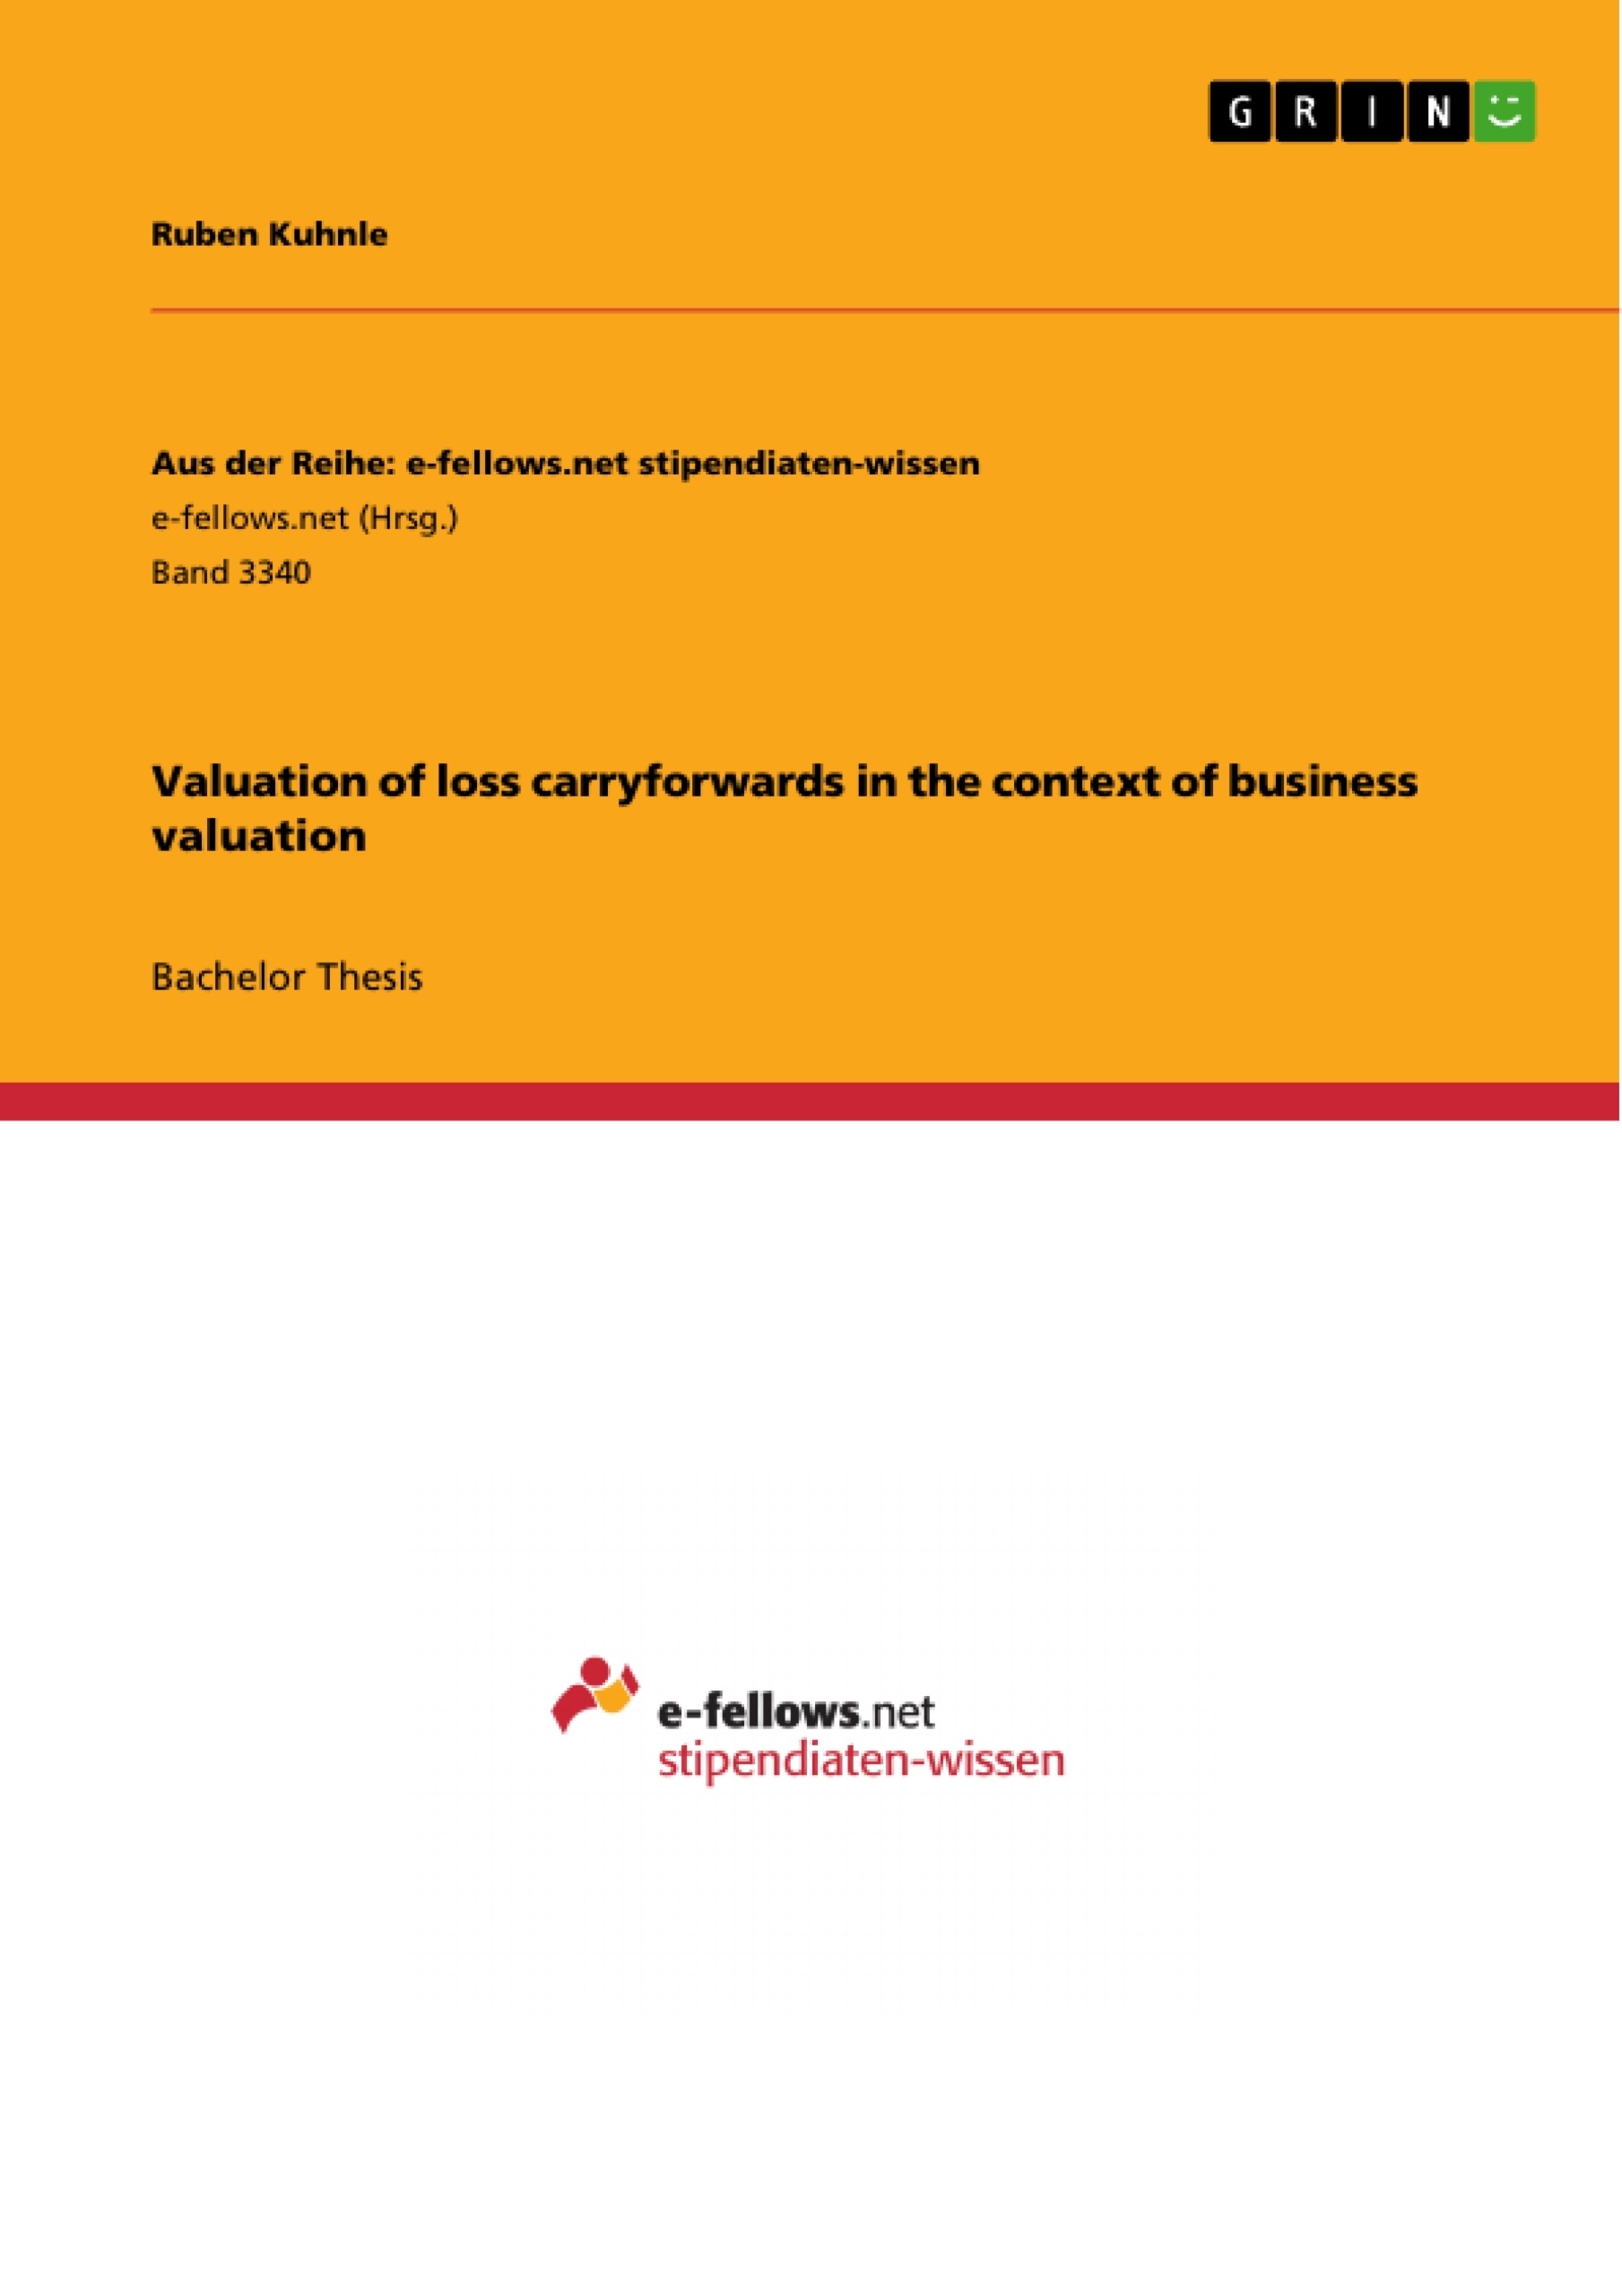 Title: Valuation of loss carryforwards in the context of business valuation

==

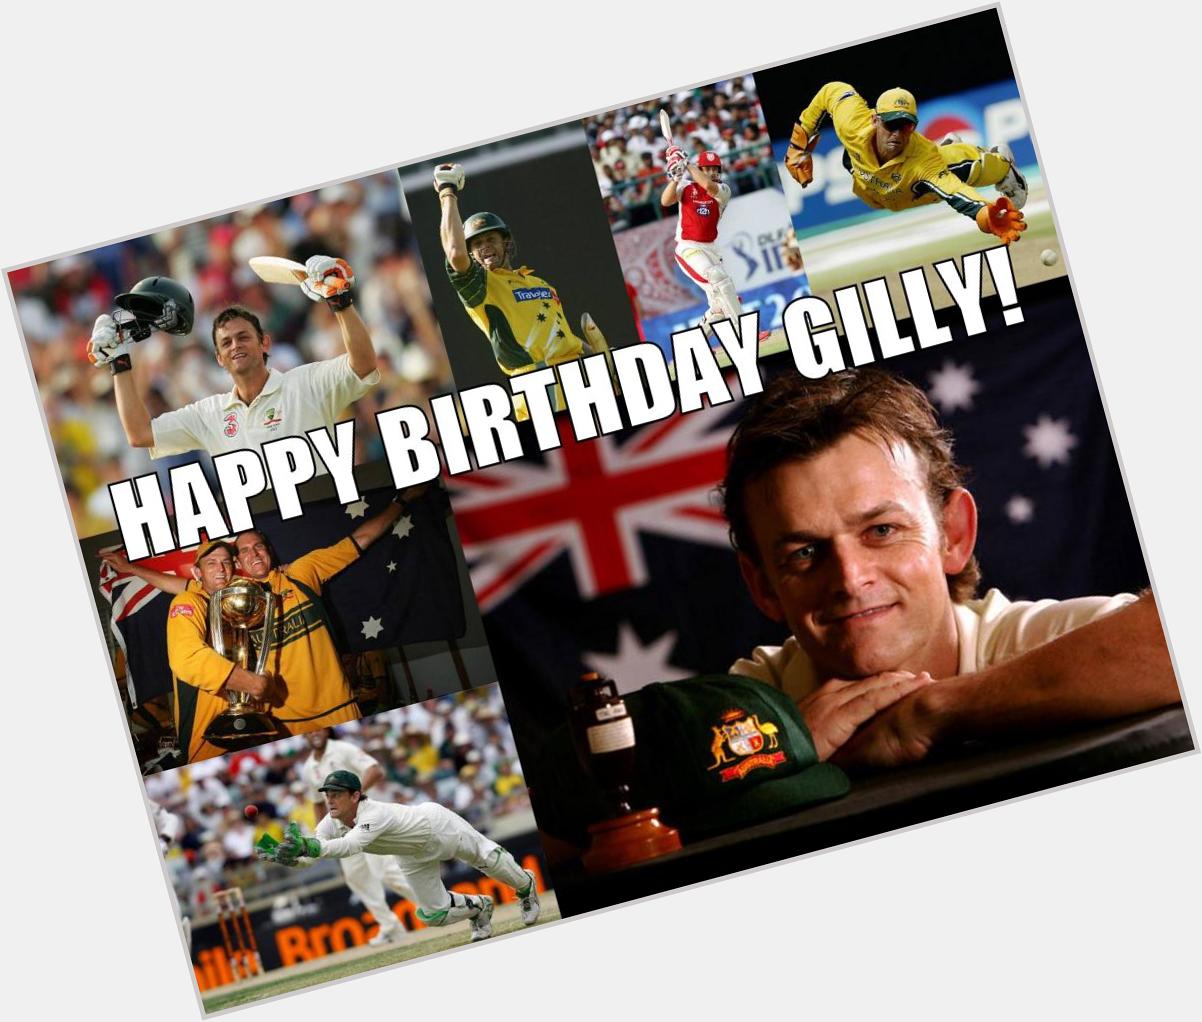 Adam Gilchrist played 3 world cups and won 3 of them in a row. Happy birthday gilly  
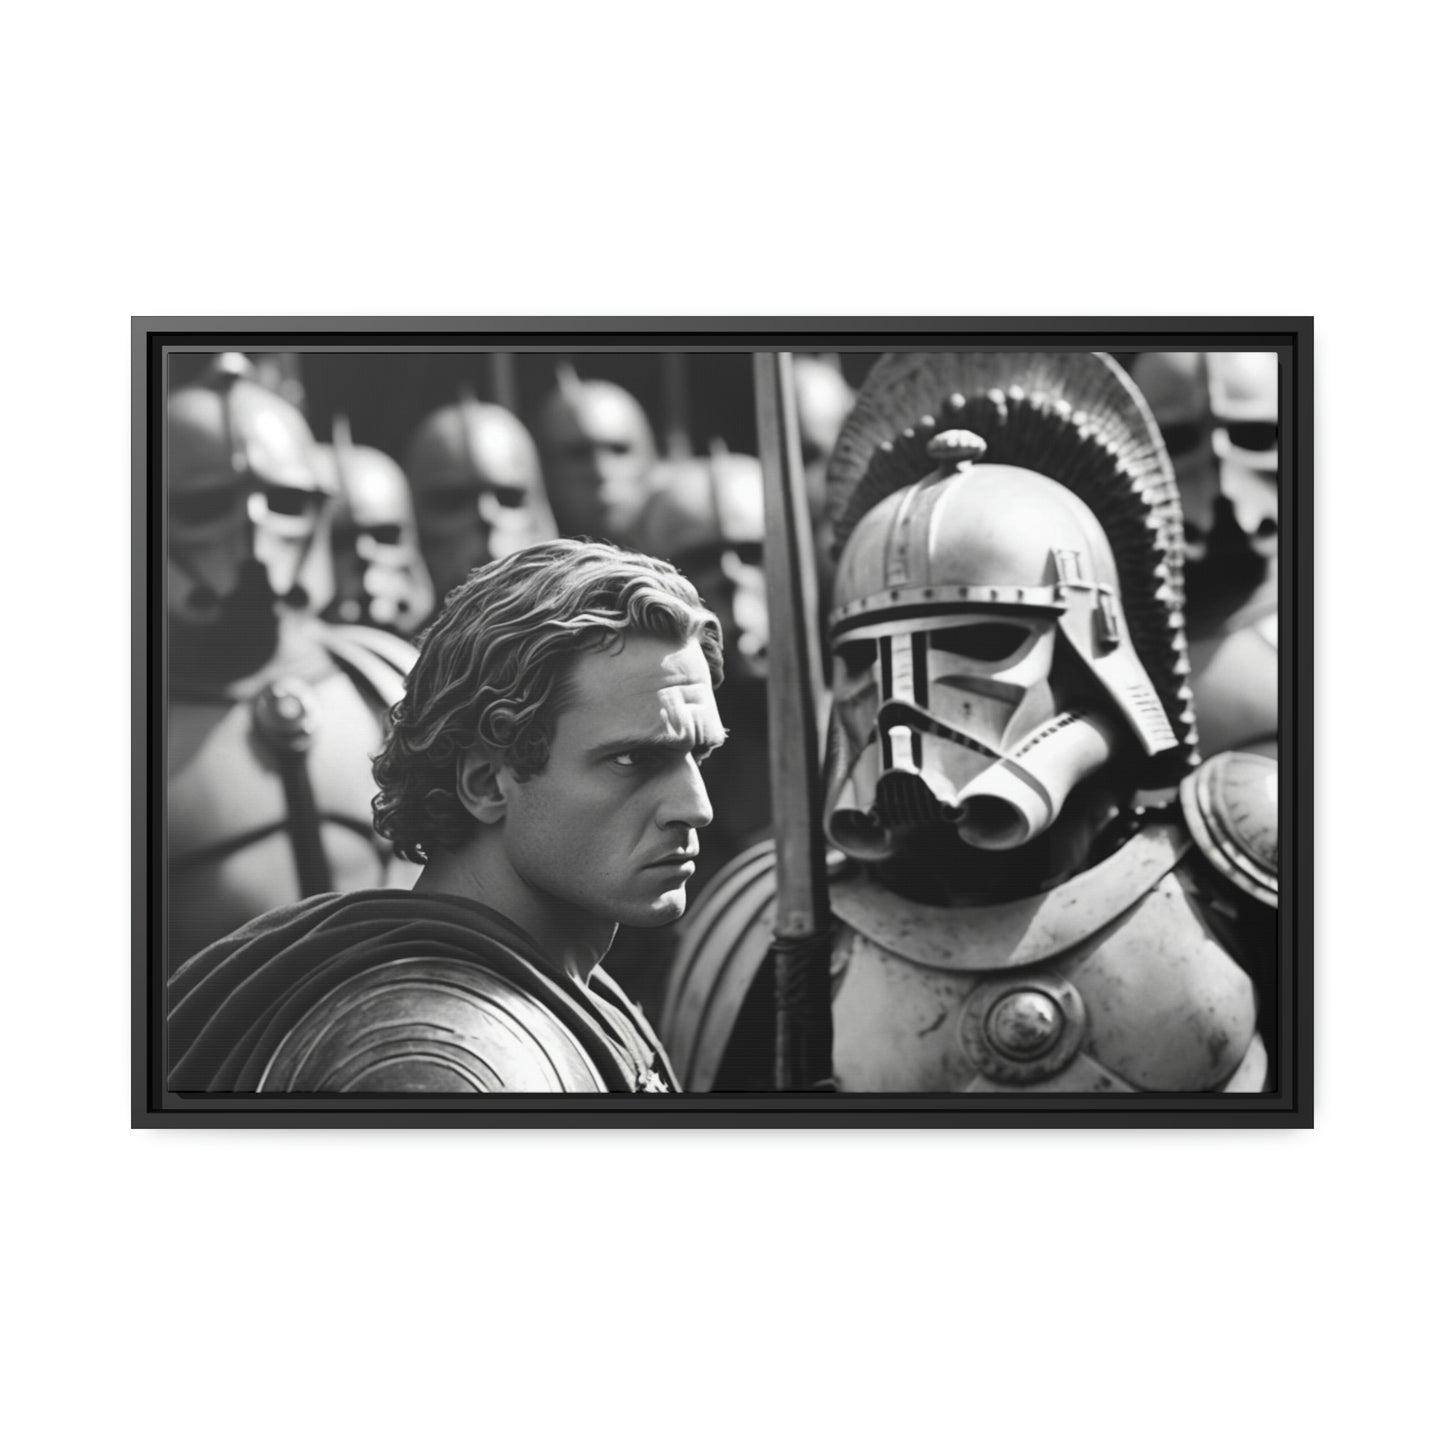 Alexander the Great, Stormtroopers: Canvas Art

...

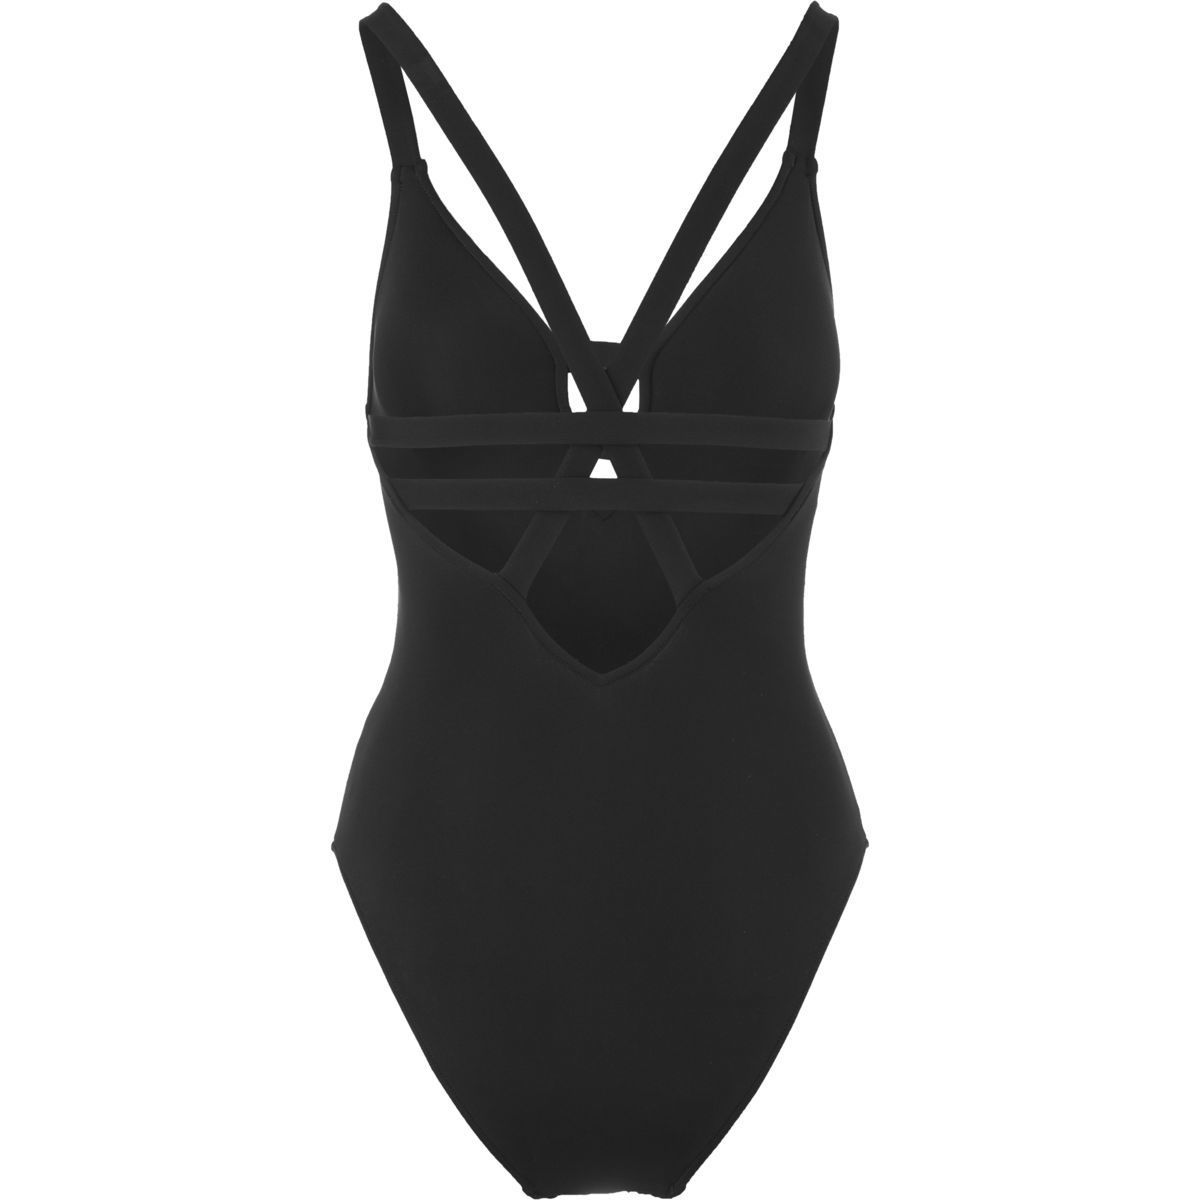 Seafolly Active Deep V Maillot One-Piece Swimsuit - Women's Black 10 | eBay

## [What to produce]
Would you output only the span of the records above that opens with the line containing "Adam Gilchrist played" and closes with the line containing "Alexander the Great, Stormtroopers: Canvas", ends included and pictures dropped?

## [Response for this exercise]
 Adam Gilchrist played 3 world cups and won 3 of them in a row. Happy birthday gilly  
 Alexander the Great, Stormtroopers: Canvas Art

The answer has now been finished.